Inference Tuning Resolution Research 2026

Objective

Establish a robust, secure, and predictable mechanism for propagating inference parameters (temperature, top_p) from diverse sources (MCP clients, environment variables, and tool defaults) to LLM providers.

The Problem

Prior to April 2026, inference tuning was fragmented. Some tools hardcoded 0.1 for stability, others used 0.7 for variety, and there was no way for a user to override these values without modifying the source code. This prevented power users from fine-tuning reasoning models or relaxing the temperature for creative tasks.

Resolution Model: The 3-Tier Precedence

We have adopted a strict 3-tier resolution model for all inference calls:

Priority	Source	Description
1 (Highest)	Request Override	Parameters passed directly in the MCP tool call (e.g., `temperature` field in `ChatMessageParams`).
2	Registry Secret	Provider-specific environment variables resolved via `vox-secrets` (e.g., `GEMINI_TUNING_TEMPERATURE`).
3 (Baseline)	Tool Default	The “safe” baseline defined by the tool author (e.g., `0.1` for `inline_edit`).

Implementation Strategy

1. Registry Integration

We extended the Secret Registry to include tuning overrides for major providers. This ensures that a single environment variable can shift the baseline for all tools using that provider.

GEMINI_TUNING_*
OLLAMA_TUNING_*
OPENAI_TUNING_*
ANTHROPIC_TUNING_*

2. Signature Standardization

The core mcp_infer_tool_completion was refactored to take base_temperature: f32 and Option<f32> overrides. This forces every call site to consciously provide a functional baseline while allowing the bridge to handle the complex resolution logic.

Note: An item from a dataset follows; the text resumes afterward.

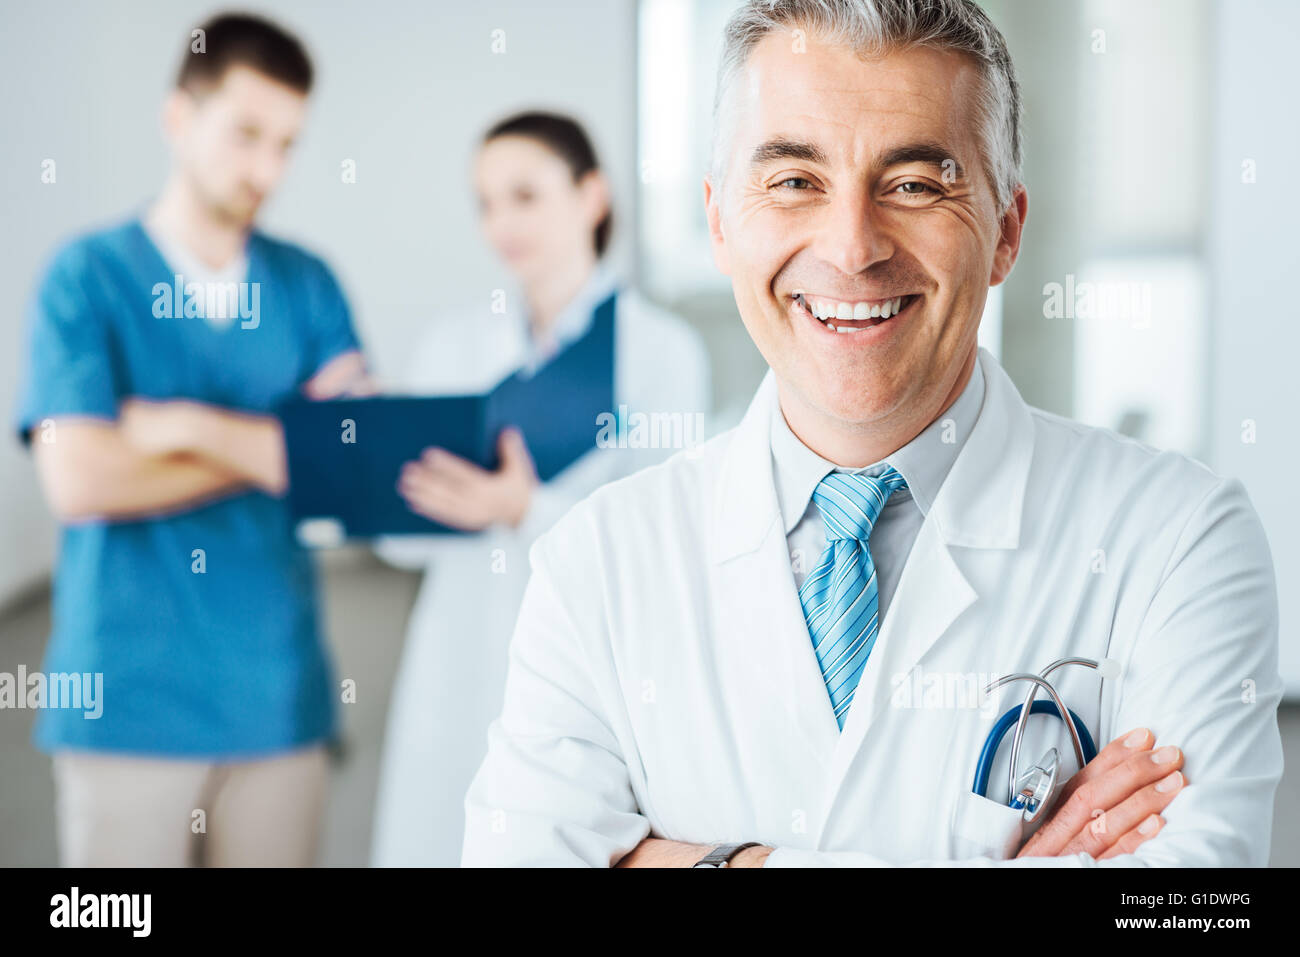 Confiant doctor posing and smiling at camera et le personnel médical contrôle de dossiers médicaux sur l'arrière-plan Banque D'Images

3. Telemetry and Observability

To prevent “invisible tuning” (where a user is unsure which value was actually sent), we instrumented the vox.mcp.llm.tuning channel. This target logs the final resolved parameters for every request.

Findings

Anthropic Constraints: Anthropic’s API is sensitive to top_p values when they are not explicitly needed. Our implementation uses Option<f32> to ensure we only serialize these fields when they have been explicitly overridden.
Provider Parity: Mapping OpenRouter and Custom variants to the OPENAI_TUNING_* secrets provides a consistent experience for cloud proxies.

Future Work

Per-Model Tuning: Currently, tuning is provider-wide. Future iterations may allow GEMINI_1_5_PRO_TUNING_TEMPERATURE for more granular control.
User Preference Sync: Integration with a central user preference store to persist tuning settings across sessions.